Charts & Graphs

The Talk

How we communicate about reproductive freedom.

A month’s supply of birth-control pills in a circle

Despite an increase in legal punishments for women who sought birth control and abortions across much of Europe, the twelfth-century nun Hildegard of Bingen shared remedies for “retention of the menses” in her medical texts. This way of classifying the drugs, historian Etienne van de Walle wrote in 1997, “created a zone of opportunity for women who resolved to terminate a pregnancy.”

When copying manuscripts of Dioscorides’ first-century medico-botanical handbook De materia medica, medieval scribes sometimes added marginal comments noting any purported contraceptive or abortifacient properties unmentioned in the original text. Around 1310 Peter of Abano added a note to the entry concerning an herb called asarus, explaining that “uninformed people” take it before sex to prevent conception.

Often calling themselves fortune-tellers and astrologists, nineteenth-century sellers of contraception and abortifacients resorted to euphemisms and redactions to advertise their wares. An 1839 advertisement in the New York Sun described a pill designed to “produce a******n”; later in the century, birth-control advocate Edward Bliss Foote advertised an abortion implement as an “impregnating syringe” meant for “married women only.”

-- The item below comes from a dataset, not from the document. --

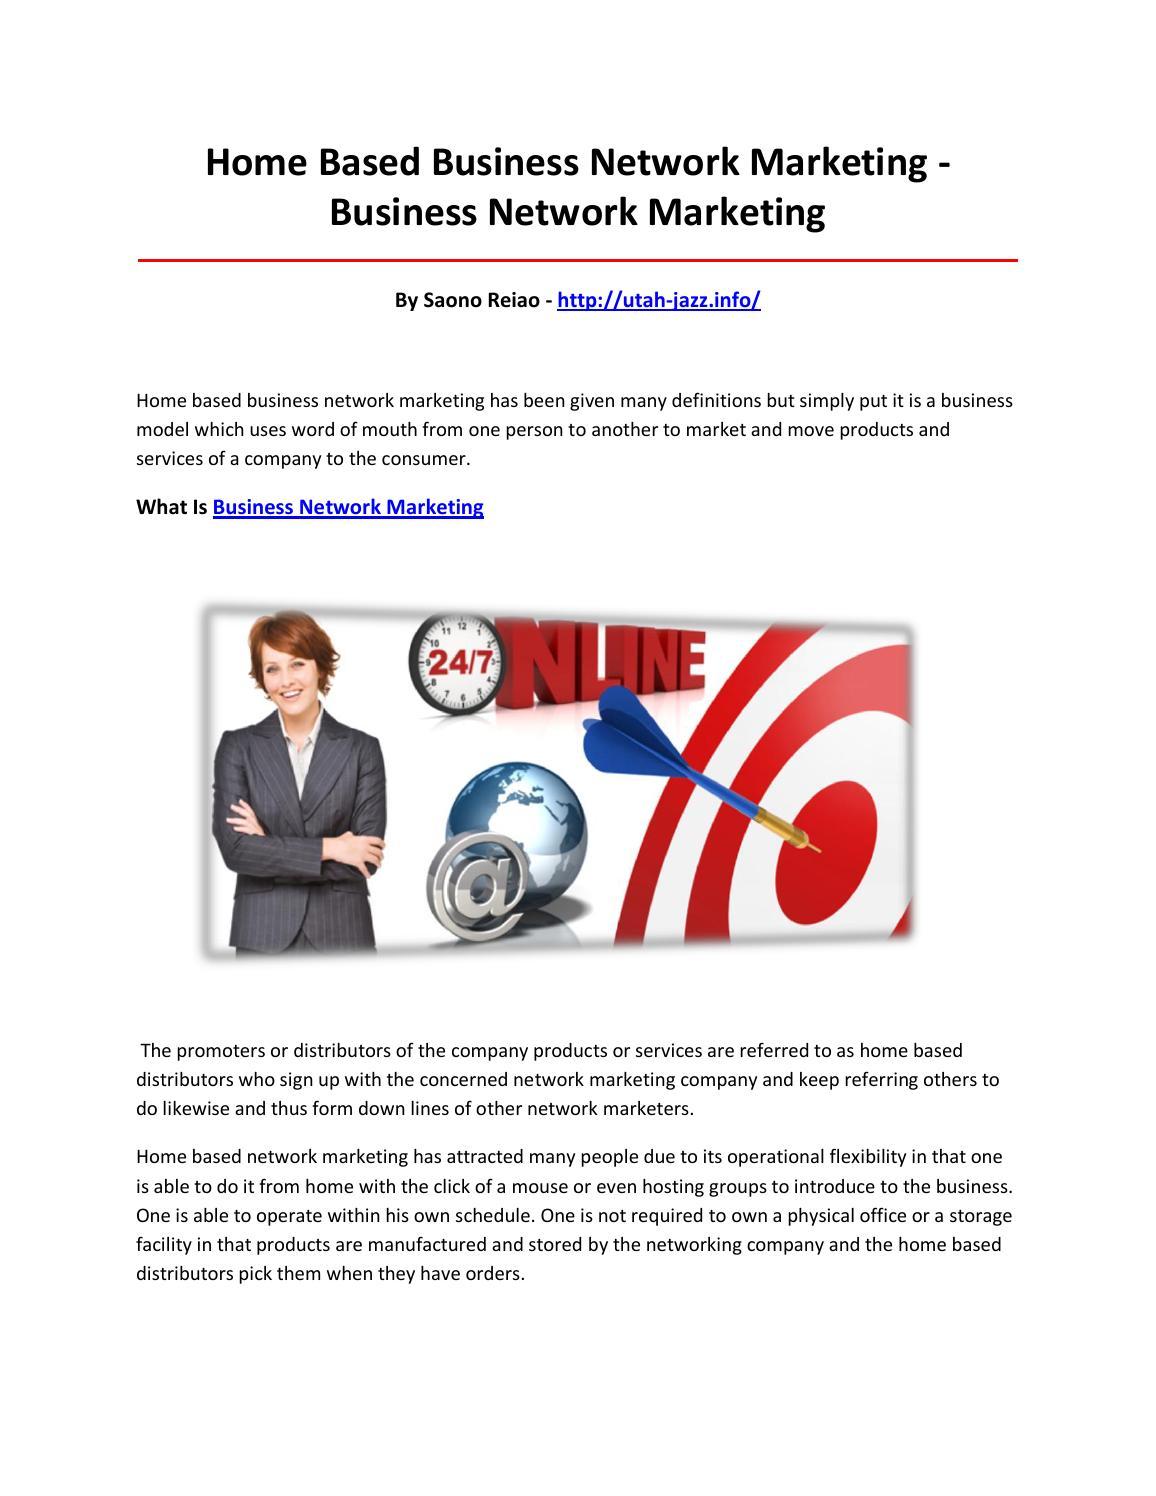 Business network marketing by yaere - issuu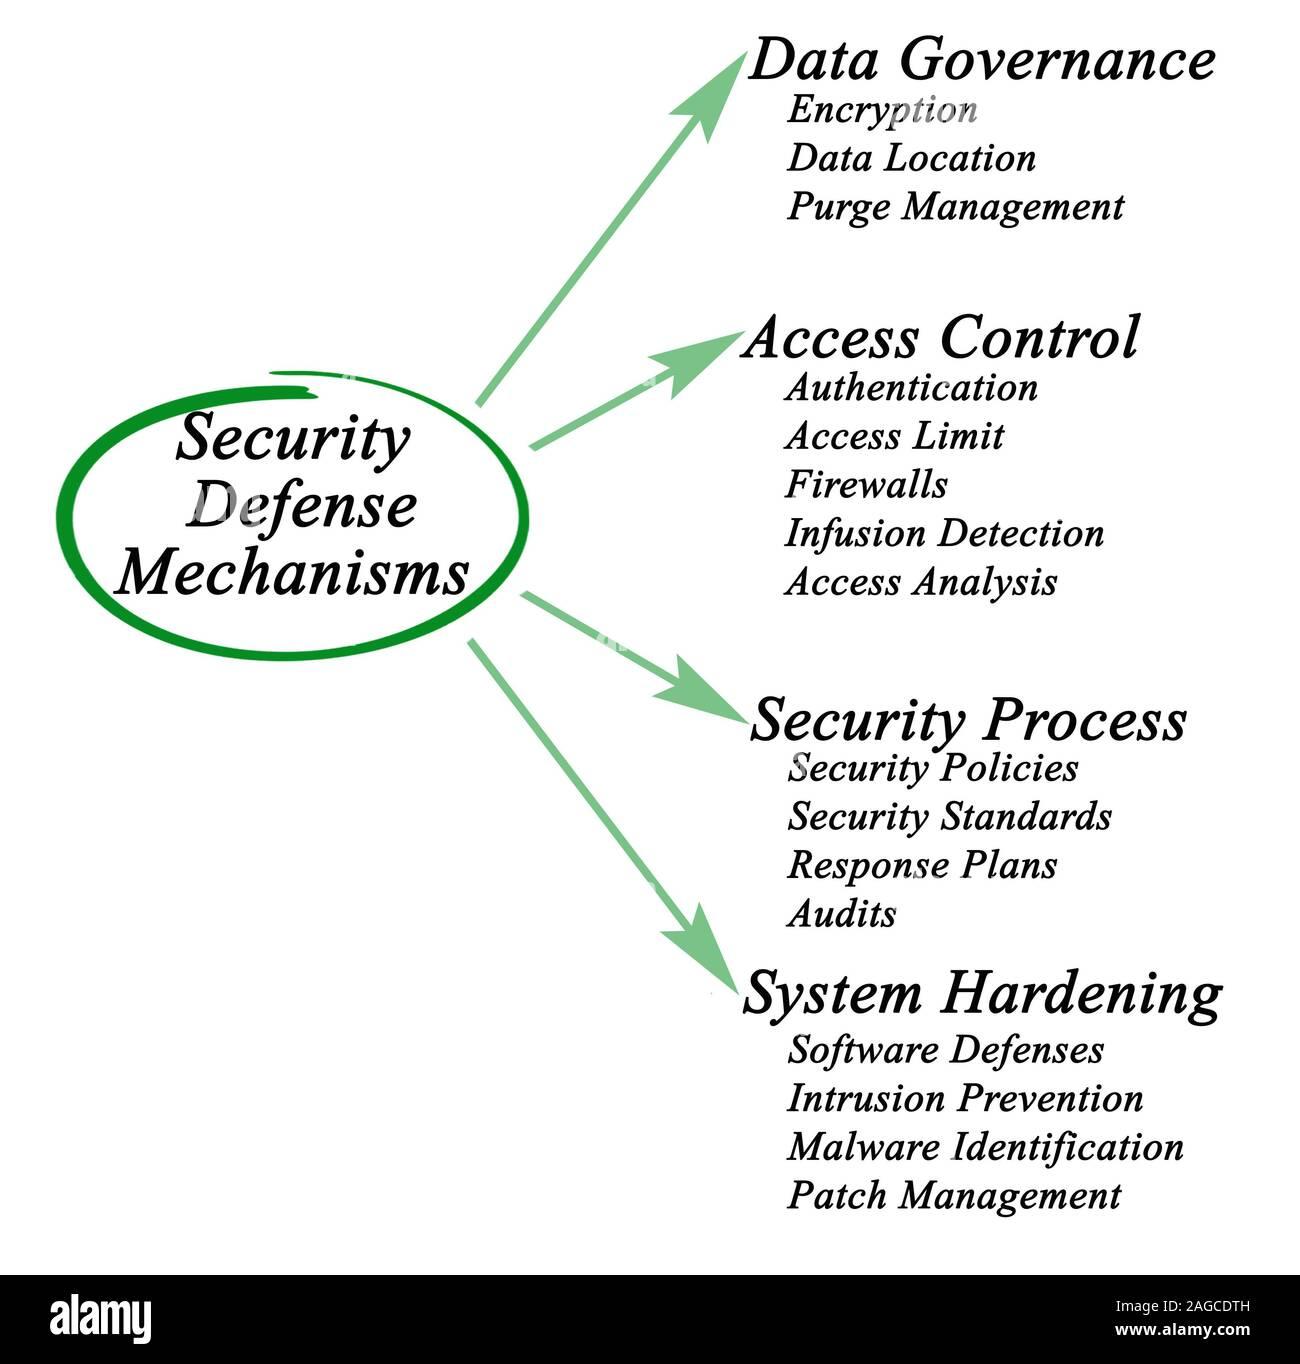 Security Defense Mechanisms Stock Photo Alamy

An 1873 law named for anti-obscenity campaigner Anthony Comstock deemed information about contraception too obscene for publication. Activist Angela Heywood argued against the law in an 1893 article: “Is it ‘proper,’ ‘polite,’ for men, real he men, to go to Washington to say, by penal law, fines, and imprisonment, whether woman may continue her natural right to wash, rinse, or wipe out her own vaginal body opening—as well as legislate when she may blow her nose, dry her eyes, or nurse her babe?”

In 1933 birth-control activist Margaret Sanger deliberately broke a law prohibiting the importation of contraceptives by having 120 barrier devices sent from Japan to one of her clinics. In the resulting United States v. One Package of Japanese Pessaries, a federal judge ruled in the clinic’s favor, arguing that the pessaries “might also be capable of legitimate uses.”

The FDA approved the first commercially available birth-control pill in 1960. “I would never agree that the pill really liberates women,” Toni Cade Bambara wrote nine years later, “but the pill gives her choice, gives her control over at least some of the major events in her life. And it gives her time to fight for liberation in those other areas.”

Many American country-music radio stations refused to play Loretta Lynn’s 1975 song “The Pill,” which includes the lyrics “All I’ve seen of this old world is a bed and a doctor bill / I’m tearing down your brooder house ’cause now I’ve got the pill.” Lynn said in an interview that rural doctors told her the song “had done more to promote rural acceptance of birth control than any official medical or social-services efforts.”

In 1996 Bill Clinton signed into law a $250 million federal program offering states funding over five years to establish and support abstinence-only sex-education programs in public schools. The only state to refuse the funding in the program’s first year was California. In subsequent years fifteen additional states refused further funding, opting instead to return to comprehensive sex-education curricula that cover the proper use of birth-control methods.